Melatonin induces thermogenic gene expression in white adipose tissue (WAT) in Zucker diabetic fatty (ZDF) rats.

A Agil1, A Jiménez-Aranda1, R Ibán-Arias1, G Fernández-Vázquez0,2. 1School of Medicine (Granada), Department of Pharmacology and Neuroscience Institute, 18012, Spain, 2Carlos III Hospital (Madrid), Service of Endocrinology, 28006, Spain

Previous data from our laboratory indicate that melatonin reduces body weight gain without influencing food intake in ZDF rats, an experimental model of obesity-related type 2 diabetes and metabolic syndrome. Several lines of evidence suggest that melatonin can influence brown adipose tissue (BAT) function. Moreover, recent studies indicate that in addition to its well recognized role as triglyceride store, white fat cells can shift to brown-fat-like metabolic behaviour under the influence of certain signals, such as irisin. In order to investigate the mechanisms involved on melatonin weight control, in the present work we have studied the effects of melatonin on thermogenic gene expression in white adipose tissue (WAT) of ZDF rats. 6-week-old male ZDF rats (10 animals) were treated with oral melatonin in drinking water (10 mg/kg B.W./day) (M-ZDF) or with vehicle (V-ZDF) (control group, 10 rats). After 6 weeks of treatment (12-wk-old) animals were sacrificed and WAT was obtained. Total RNA was extracted and mRNA levels for thermogenic genes (uncoupling protein1 -UCP1-, peroxisome proliferator-activated receptor γ -PPAR γ - and PPAR γ coactivator 1α -PGC-1α-) were quantitated by real time RT-PCR using specific Taqman probes and ribosomal 18S as endogenous reference gene. mRNA levels were expressed as the mean ± SEM of arbitrary units (AU). Compared with control group, M-ZDF rats show an increase of UCP1 mRNA levels in WAT (from undetectable values to 0.50 ± 0.03; p< 0.01 ). Also, it was accompanied by a drastic increment of PPARγ mRNA levels (from 0.10 ± 0.03 to 0.80 ± 0.20; p<0.01) and of its transcriptional co-activator PGC-1α (from 0.23 ± 0.03 to 1.03 ± 0.25; p<0.01 ).

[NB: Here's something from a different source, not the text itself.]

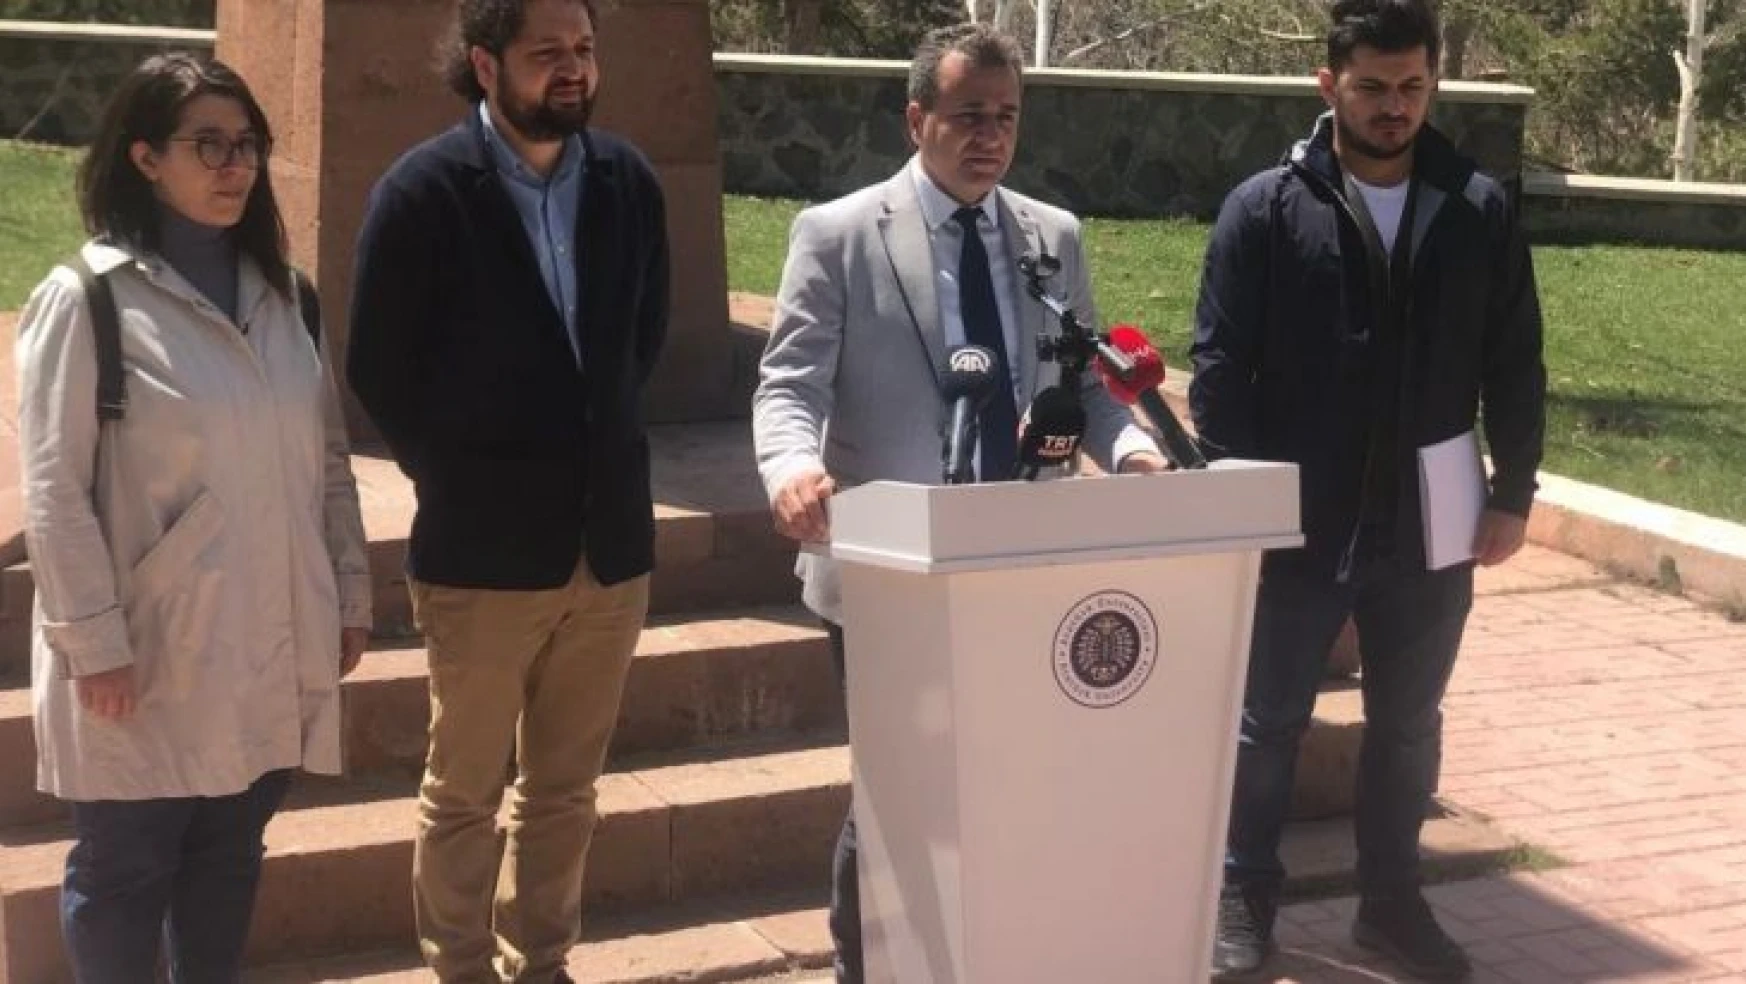 Türk-Ermeni İlişkileri Araştırma Merkezi Müdürü Doç. Dr. Mevlüt Yüksel'den ABD Başkanı Biden'e tepki

These results demonstrate that chronic oral melatonin is able to drive a brown-fat-like thermogenic gene profile to white adipose tissue. This irisin-like effect of melatonin can contribute to its capacity to body weight control, and thereby to improve obesity-related metabolic derangements such as diabetes and dyslipidemia.